| 要旨トップ | 目次 | 日本生態学会第66回全国大会 (2019年3月、神戸) 講演要旨
ESJ66 Abstract


一般講演(口頭発表) F01-09  (Oral presentation)

ミズナラの開葉・道管形成時期と温度環境との関係
Timing of leaf-out and vessel-formation that is related to thermal environments in Quercus crispula

*石田清(弘前大学), 川辺慎也(弘前大学), 渡辺陽平(弘前大学), 白濱千紘(青森銀行(株)), 本城和佳(十文字チキンカンパニ), 宮沢良行(九州大学), 織部雄一朗(森林総合研究所)
*Kiyoshi ISHIDA(Hirosaki Univ.), Shinya Kawabe(Hirosaki Univ.), Yohei Watanabe(Hirosaki Univ.), Chihiro Shirahama(Aomori Bank Co., Ltd.), Kazuyoshi Honjo(Jumonji Chikin Company), Yoshiyuki Miyazawa(Kyushu Univ.), Yuichiro Oribe(FFPRI)

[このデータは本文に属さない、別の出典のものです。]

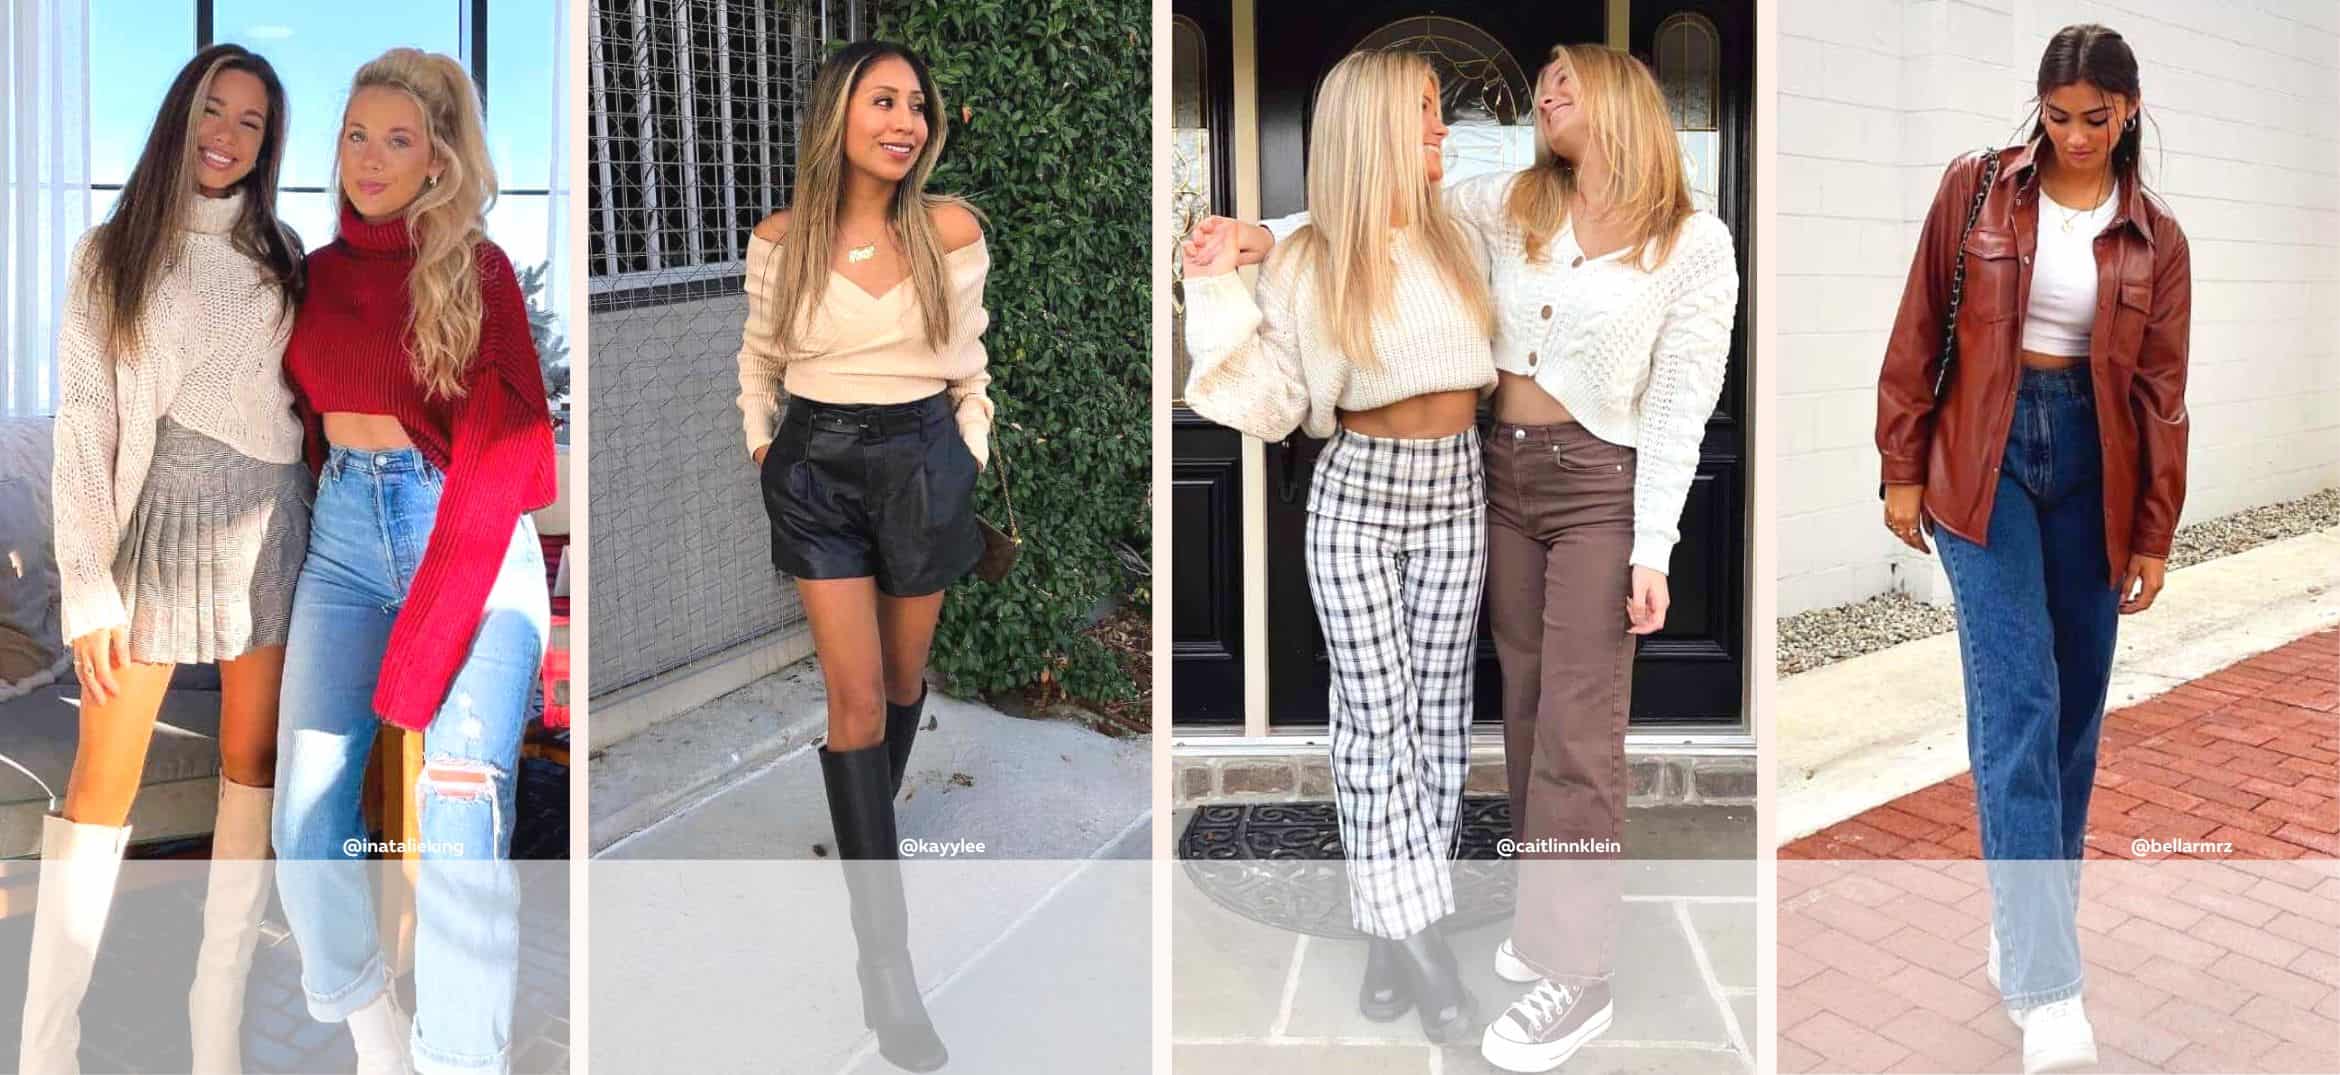 Friendsgiving, Thanksgiving, WhateverGivingYou'll Need A Cute Outfit!

寒冷地域に生育する環孔材樹種は、春の道管(孔圏道管)形成後に通道機能が回復し、シュート形成と光合成が可能となるため、春の道管形成時期を決める環境要因を明らかにすることは、気候変動に対する樹木集団の応答予測に役立つ。環孔材樹種のコナラでは、幹温度の上昇が道管形成を早めることが知られている。それでは、多雪地に生育する環孔材樹種の道管形成と開葉は、積雪による冷却で遅延しているだろうか?この問題を検討するため、演者らは青森県八甲田連峰においてミズナラを対象とした多雪地・少雪地間での集団間比較と除雪実験を行った。調査地域の消雪時期は4~5月と遅く、多雪地では樹幹下部の積算幹温度(樹幹部形成層の温度積算値)の増加速度が埋雪によって減少していた。道管成熟日(二次壁形成日)は積算幹温度で決まり、多雪地で遅延する傾向が認められた。早春に行った除雪実験では、幹回りの除雪によって道管成熟が促進する傾向が認められたが、道管拡大時期に現れる影響のパターンは場所・年度によって異なった。除雪の影響は成熟時の道管径にも現れ、除雪によって樹幹下部の道管径が1割程度大きくなる傾向が認められた。通道速度は道管径の4乗に比例することから、多雪地では春以降の光合成量が減少している可能性がある。開葉時期についても除雪の影響が認められ、除雪によって開芽から展葉までの期間が短縮する傾向が認められた。これらの結果に基づいて、本種が多雪地域で優占しない原因が積雪による幹の冷却によるとする仮説(幹冷却仮説)を提唱する。